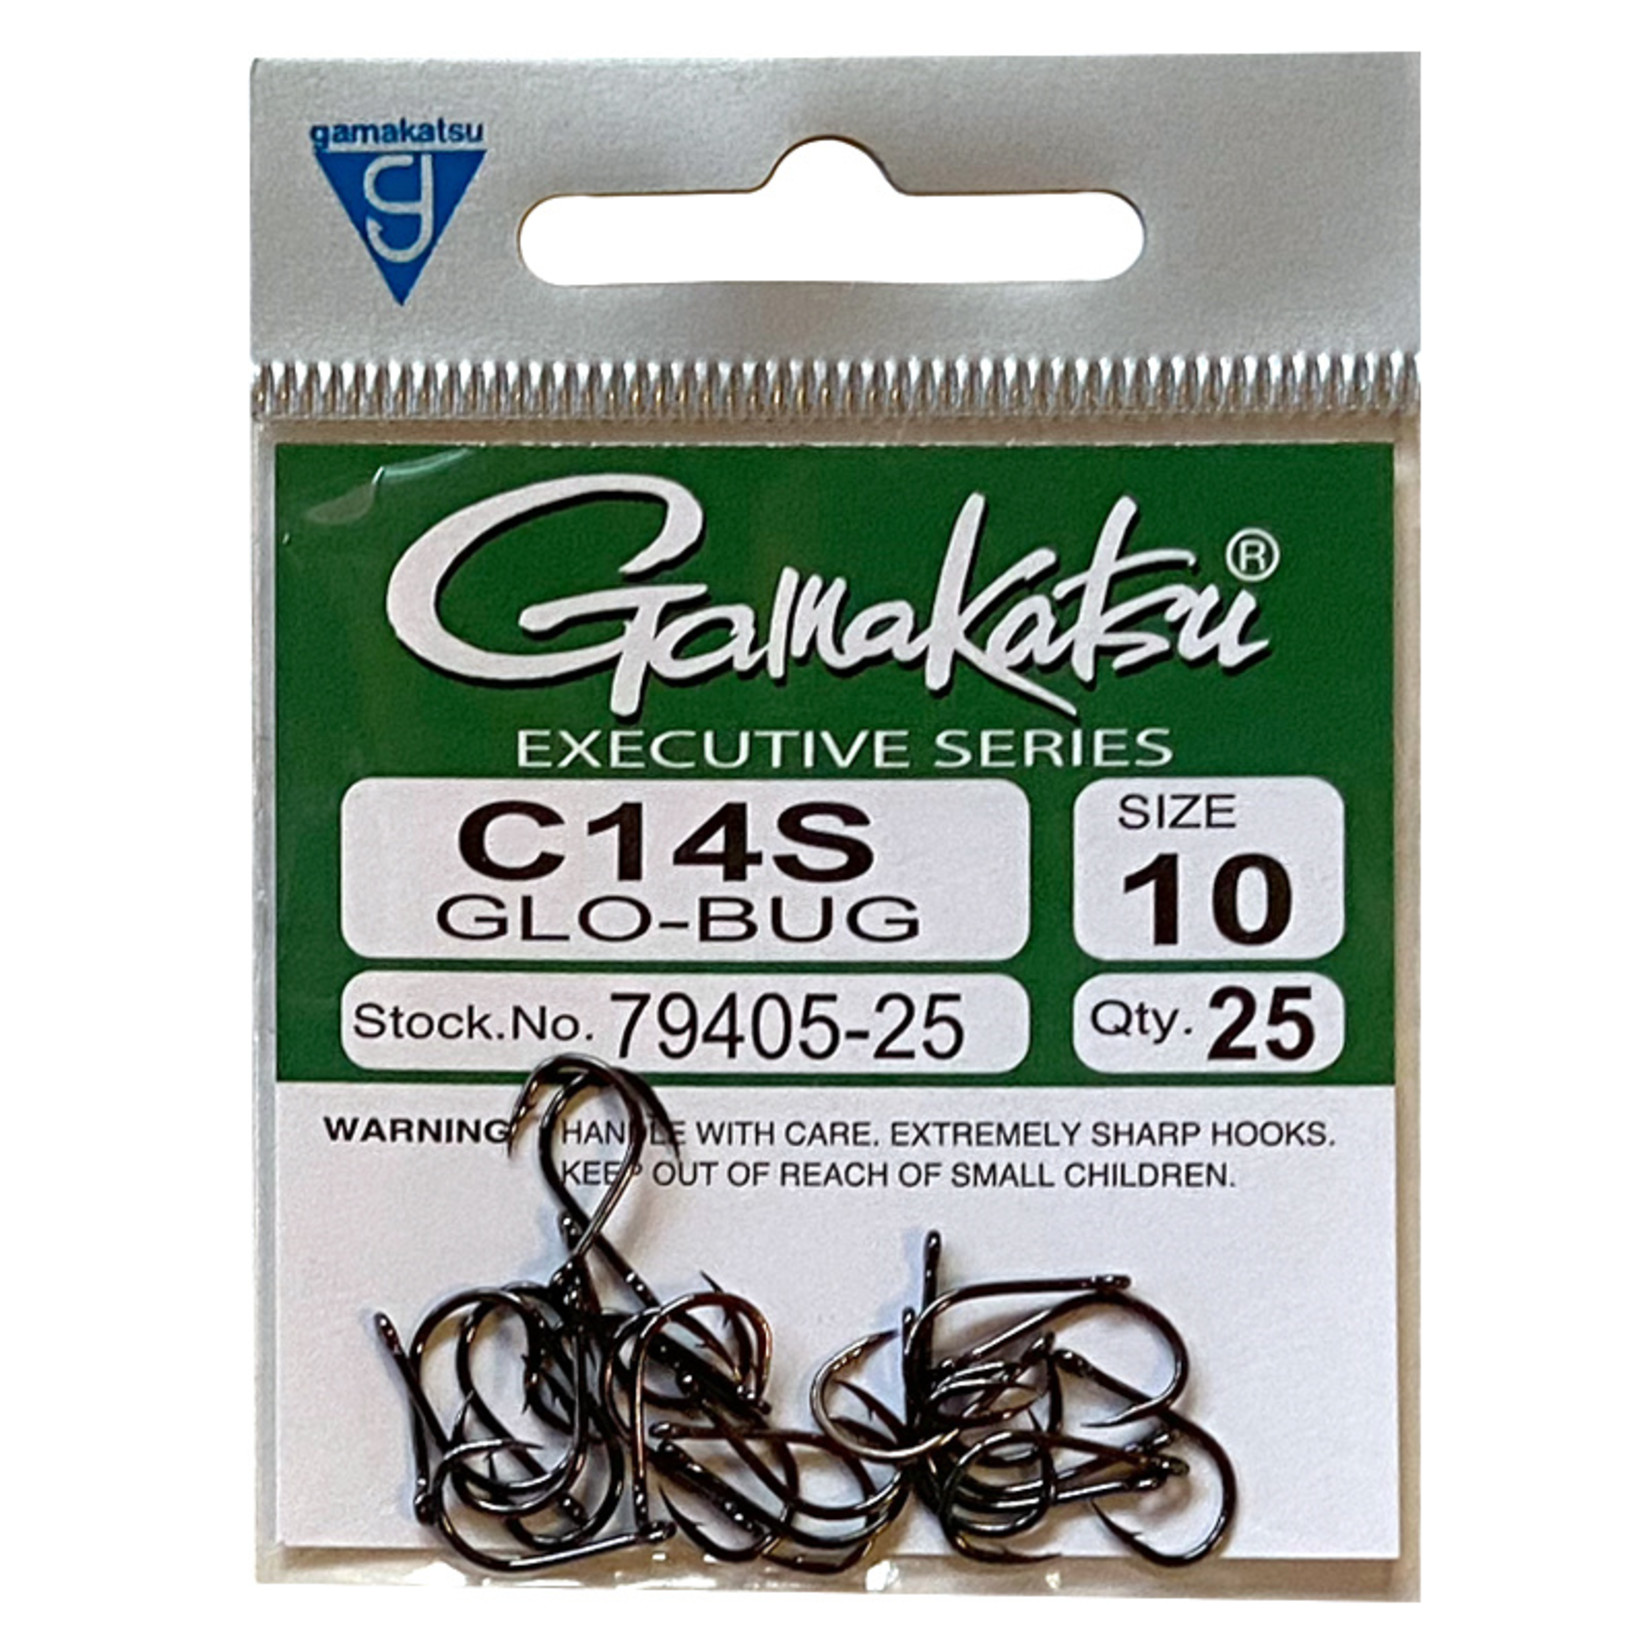 Gamakatsu C14S Glo-bug Hook
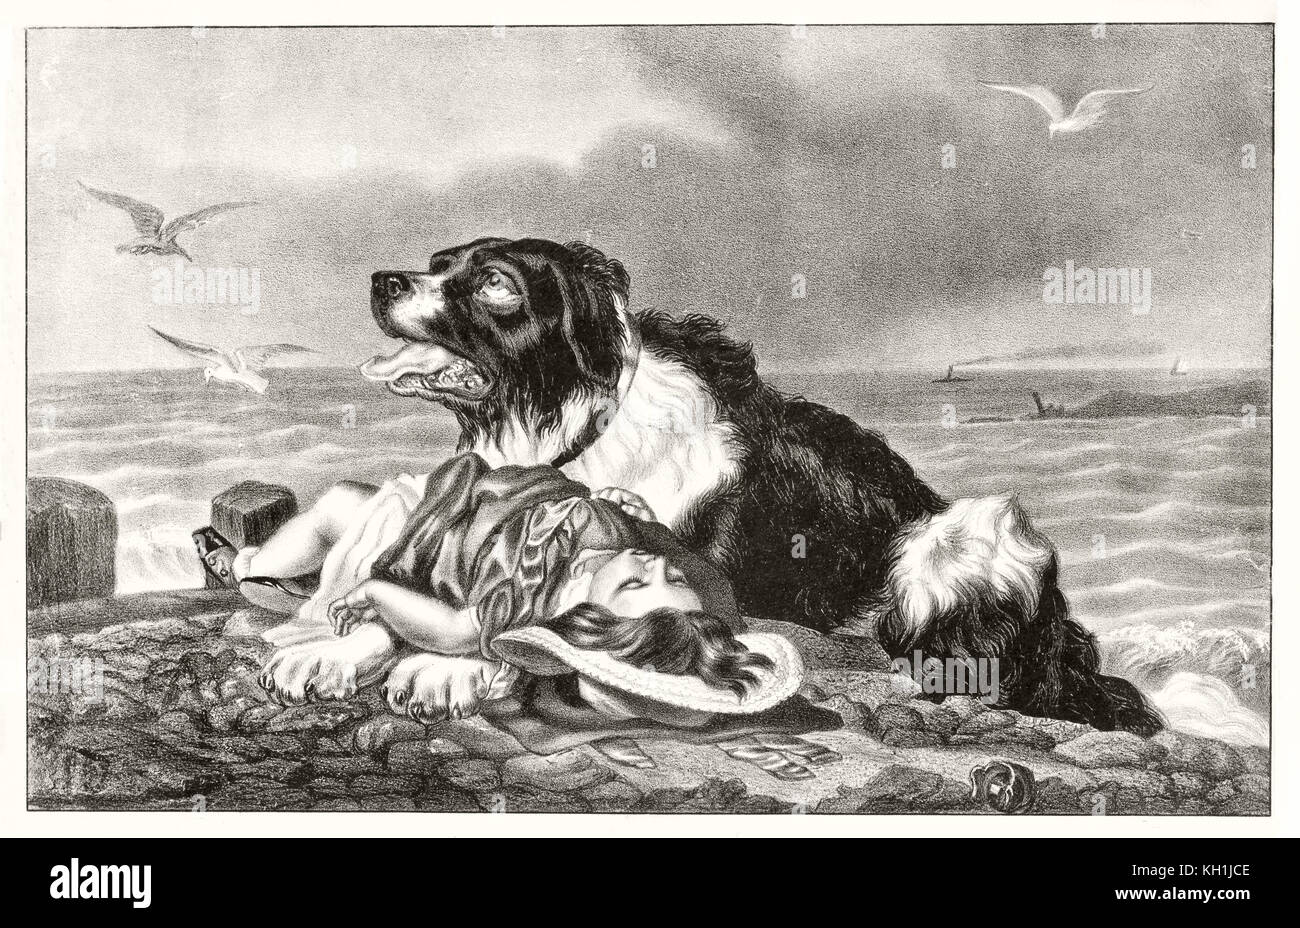 Vecchia illustrazione di un cane e bambino appena salvato. Da Currier & Ives, publ. in New York, ca. 1870 Foto Stock
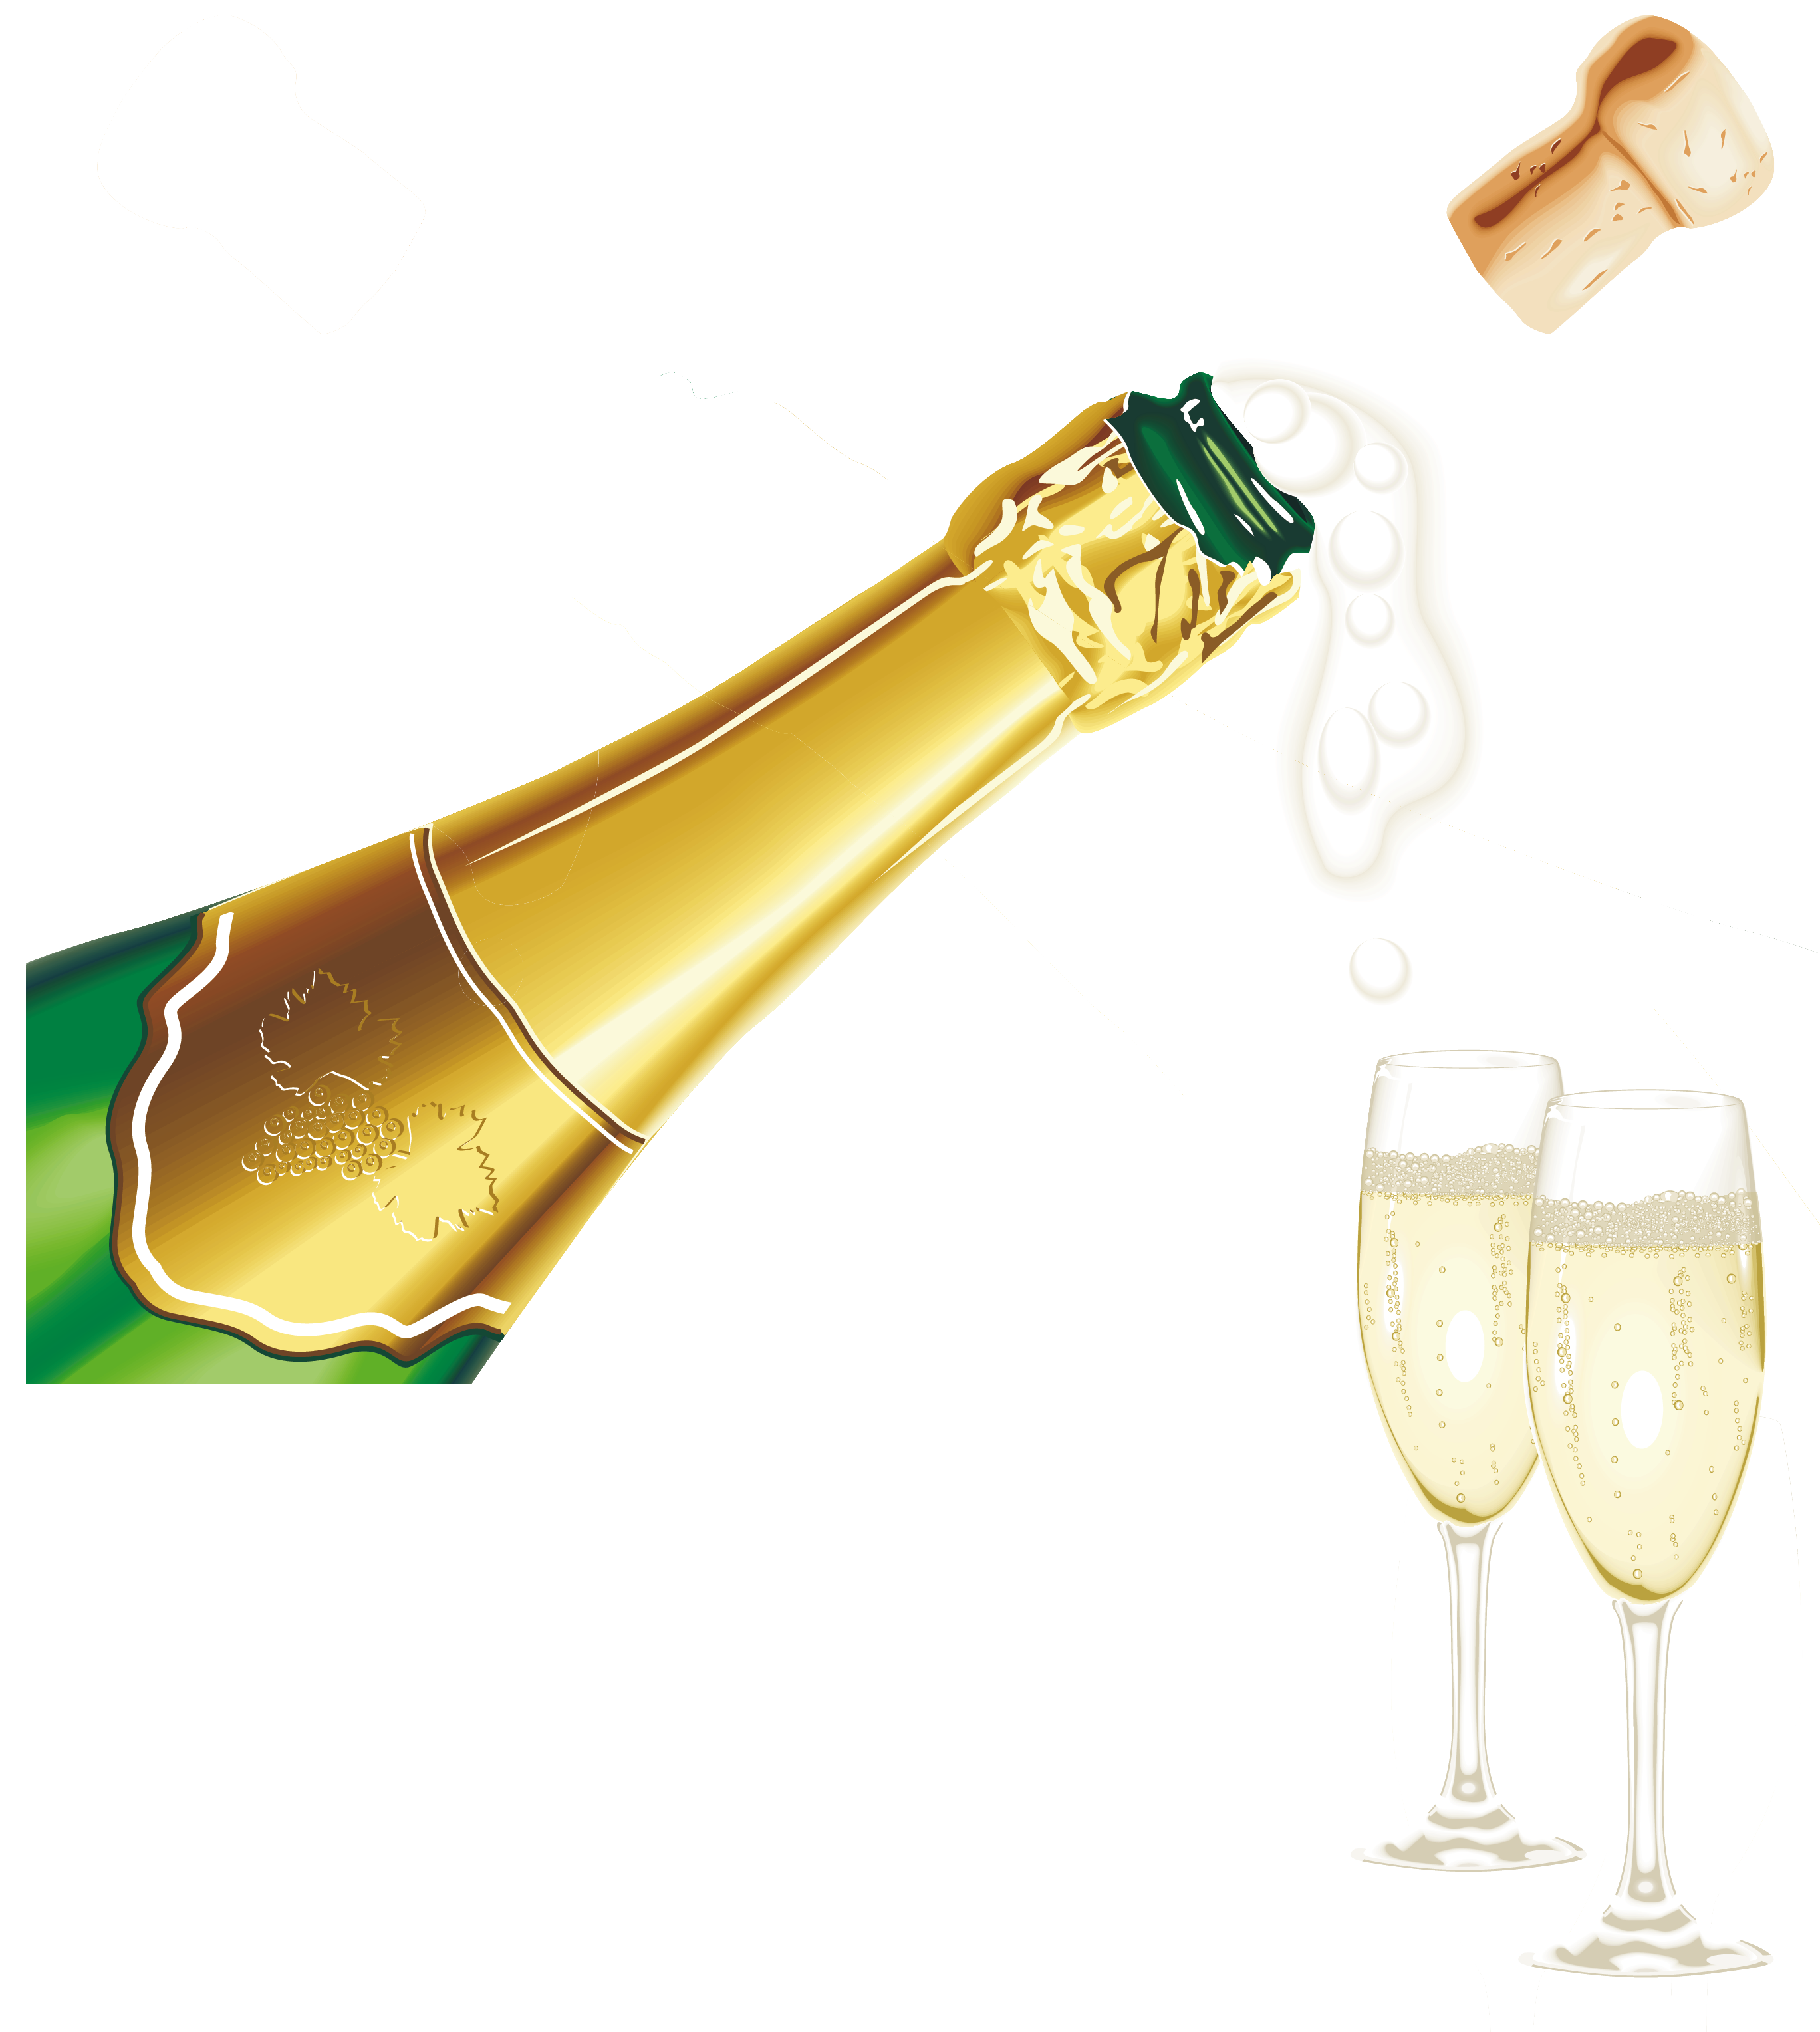 Шампанское бутылка PNG Image

........

▸ **Goal of the exercise**:
Leave the pictures out, and copy exactly each line from the one containing "Vecchia illustrazione di" through the final line of the data.

▸ **Exercise result**:
 Vecchia illustrazione di un cane e bambino appena salvato. Da Currier & Ives, publ. in New York, ca. 1870 Foto Stock
 Шампанское бутылка PNG Image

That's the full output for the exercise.